This post originally appeared as a weekly column in The Finger Lakes Times (NY). It can be read by following this link as well: http://www.fltimes.com/opinion/denim-spirit-small-acts-of-love-loom-large/article_6194c526-e8ac-11e6-8046-370d0012b617.html
In these days of outrage, love still blooms.
Even as the reputed racist and anti-Semite Steve Bannon replaces the Chairman of the Joint Chiefs of Staff at the circle of national security, someone wants to coo in your ear that you are special. It is a whisper that you, yes you, are beloved.
The new President signed an order that instigated chaos at airports around the world. It violated our Constitution and longstanding tradition of welcome, and also gave those predisposed to dislike us anyway, another reason to see the United States as a renegade hostile world power. Even so, and still, you need to tell that someone you love, that he or she lines the trellis of your heart with blossoms of affection and joy.

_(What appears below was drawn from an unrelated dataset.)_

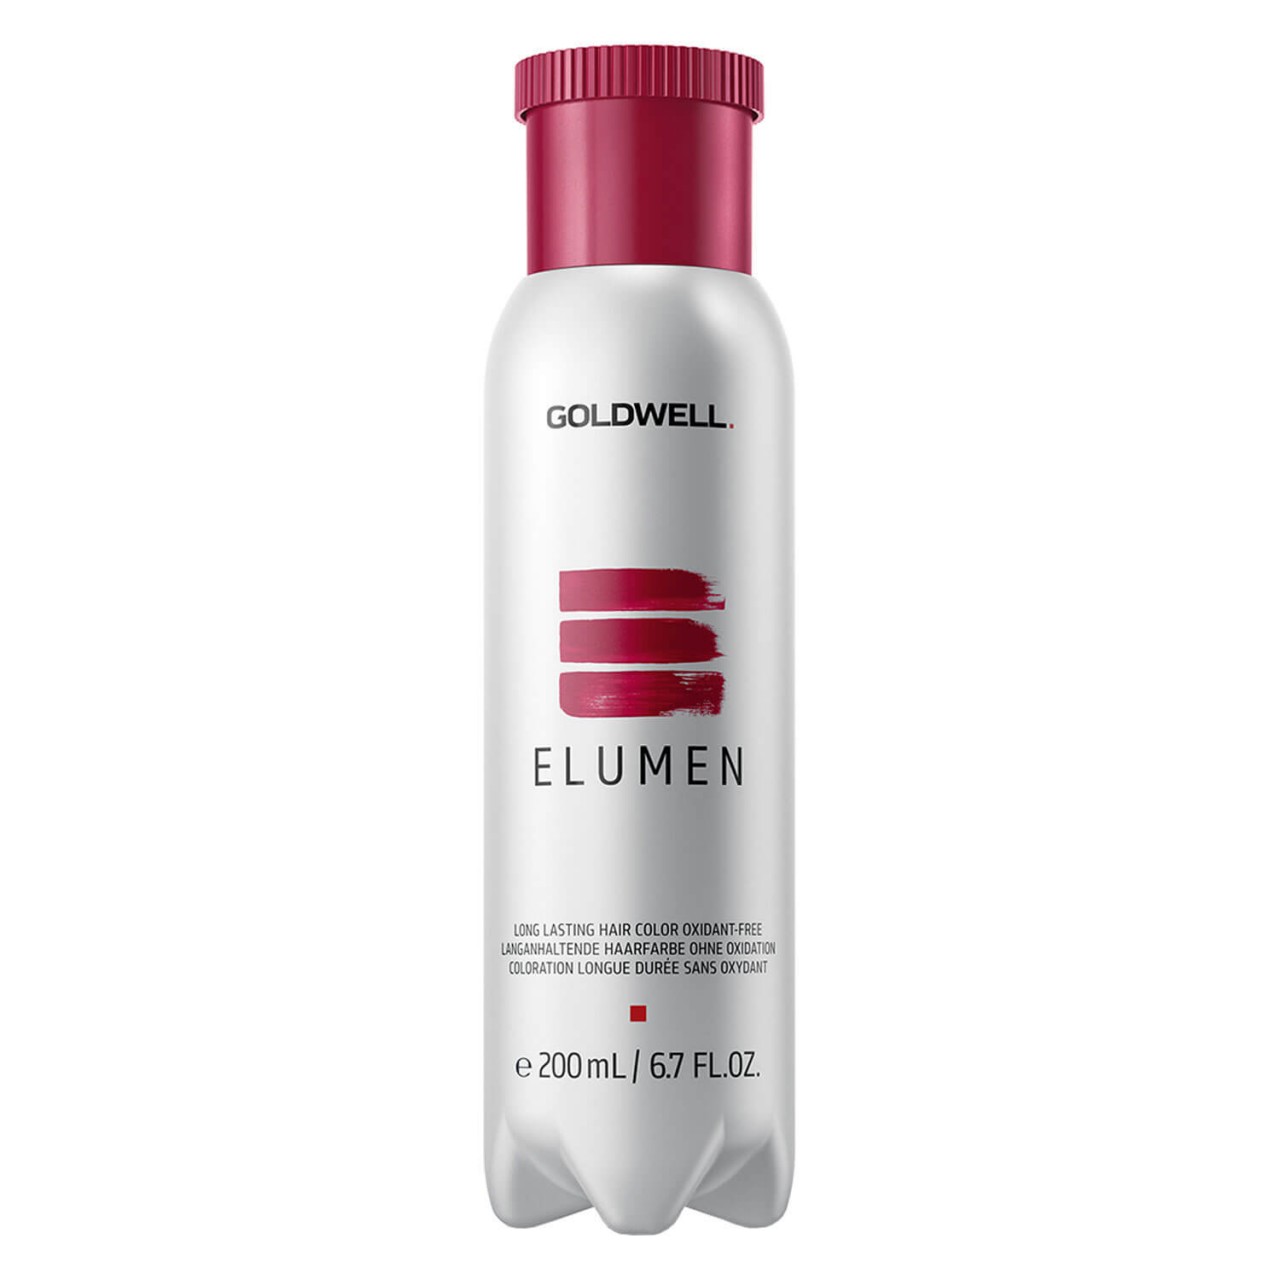 Elumen - Clear von Goldwell

It is true that healthcare for twenty million people is hanging by a wire above a dark void. It is held there with cruelty by a Republican majority of legislators, who have proven over and over and over again to be guided by either malevolent hearts or harebrained ideology that leads to disaster for most and riches for few. Nonetheless, beneath and within the outrage, we need to breathe slowly and see the small swatches of beauty budding in acts of kindness between strangers.
While I am a (large) white, Anglo-Saxon, Christian, heterosexual, middleclass male, and so one of the less vulnerable among us, these days of outrage shake my faith and rattle my persistently hopeful theology. Still, like you, I need to pause and look at the ones I love. I need to see the warm shades of humanity in the iris of their eyes. I need to feel the warm softness of their skin. I need to stand within the radiance of their body’s energy, feel their chi circulating, and even reaching out to touch mine.
As ugliness imbues the institutions of government, even more do we need to look strangers in the eye, open the windows of our soul, and make them strangers no more. One at a time an acquaintance becomes a friend, building relational allies that buttress us against official rhetoric espousing fear and prejudice. Thus, our hearts remain open even as officials and their policies snarl hatefully around us.
In this devastatingly gray winter, a burst of sun from between the clouds ignites relief and evokes the pleasure of a random deep breath. In the dark, the smallest flicker from the littlest candle sheds enough light to show the way. Touching and being touched by those we love restores us in times like these. Soft words, whispered or gently intoned, conveying fondness to someone we like, buoys them and us as we swim toward hope. Simple, unexpected, even nonverbal acts of kindness energize the giver and the receiver alike, in these times when so much service and advocacy are required from us.
In these days of outrage, touching one another with our eyes, standing close when it is invited, offering encouragement, sharing affection, reiterating support and respect, opening an acquaintance to become a friendship, treating the other as beloved, finding quiet and gentle ways to affirm one another, are all small acts of love with deeply graceful impact. Take a deep breath, and conjure up your next opportunity to practice a small act of love.
In these days of outrage, take a deep breath and practice love.